### What you will do:
Below are several records. Retype exactly those lines running from the one with "20pcs 7mm Dia" through the one with "Erdgeschoss FUSION Musterhaus", end lines included, and no others.

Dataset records
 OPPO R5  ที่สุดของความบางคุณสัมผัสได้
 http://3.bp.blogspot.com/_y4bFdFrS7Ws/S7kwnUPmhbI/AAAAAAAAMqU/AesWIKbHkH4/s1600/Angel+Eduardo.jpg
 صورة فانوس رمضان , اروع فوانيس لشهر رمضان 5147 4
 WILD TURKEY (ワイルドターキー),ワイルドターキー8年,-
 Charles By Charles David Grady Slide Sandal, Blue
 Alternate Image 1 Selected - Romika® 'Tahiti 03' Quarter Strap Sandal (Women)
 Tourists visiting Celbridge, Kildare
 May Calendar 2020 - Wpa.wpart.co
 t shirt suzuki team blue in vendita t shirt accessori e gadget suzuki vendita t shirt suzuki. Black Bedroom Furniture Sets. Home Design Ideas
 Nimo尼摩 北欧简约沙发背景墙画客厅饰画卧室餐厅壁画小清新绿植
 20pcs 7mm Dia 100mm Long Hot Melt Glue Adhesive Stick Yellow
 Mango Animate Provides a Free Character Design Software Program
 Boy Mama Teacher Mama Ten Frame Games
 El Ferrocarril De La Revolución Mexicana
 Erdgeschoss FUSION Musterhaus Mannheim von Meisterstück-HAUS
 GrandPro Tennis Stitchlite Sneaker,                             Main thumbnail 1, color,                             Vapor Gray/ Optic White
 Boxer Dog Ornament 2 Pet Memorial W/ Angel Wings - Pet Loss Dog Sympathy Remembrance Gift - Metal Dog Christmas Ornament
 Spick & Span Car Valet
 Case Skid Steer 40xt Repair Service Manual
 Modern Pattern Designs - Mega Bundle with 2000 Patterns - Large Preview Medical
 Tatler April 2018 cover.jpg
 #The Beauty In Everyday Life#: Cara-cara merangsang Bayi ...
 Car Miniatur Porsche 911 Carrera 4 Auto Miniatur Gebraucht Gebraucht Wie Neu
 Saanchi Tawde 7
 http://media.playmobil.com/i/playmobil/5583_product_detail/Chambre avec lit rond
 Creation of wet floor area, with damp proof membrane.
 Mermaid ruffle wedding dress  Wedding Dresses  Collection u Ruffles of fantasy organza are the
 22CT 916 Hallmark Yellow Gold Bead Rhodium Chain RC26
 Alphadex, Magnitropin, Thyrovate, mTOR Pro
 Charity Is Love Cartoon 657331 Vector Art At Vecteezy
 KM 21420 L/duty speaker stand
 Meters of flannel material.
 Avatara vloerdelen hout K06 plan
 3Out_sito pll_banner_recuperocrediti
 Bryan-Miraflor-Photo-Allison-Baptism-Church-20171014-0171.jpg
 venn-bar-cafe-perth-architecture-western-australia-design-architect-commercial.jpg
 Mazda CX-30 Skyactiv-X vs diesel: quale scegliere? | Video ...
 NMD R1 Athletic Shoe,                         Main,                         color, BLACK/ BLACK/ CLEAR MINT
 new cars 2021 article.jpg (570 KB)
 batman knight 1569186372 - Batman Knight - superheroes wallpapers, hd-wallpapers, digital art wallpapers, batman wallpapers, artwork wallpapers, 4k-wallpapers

### Result:
 20pcs 7mm Dia 100mm Long Hot Melt Glue Adhesive Stick Yellow
 Mango Animate Provides a Free Character Design Software Program
 Boy Mama Teacher Mama Ten Frame Games
 El Ferrocarril De La Revolución Mexicana
 Erdgeschoss FUSION Musterhaus Mannheim von Meisterstück-HAUS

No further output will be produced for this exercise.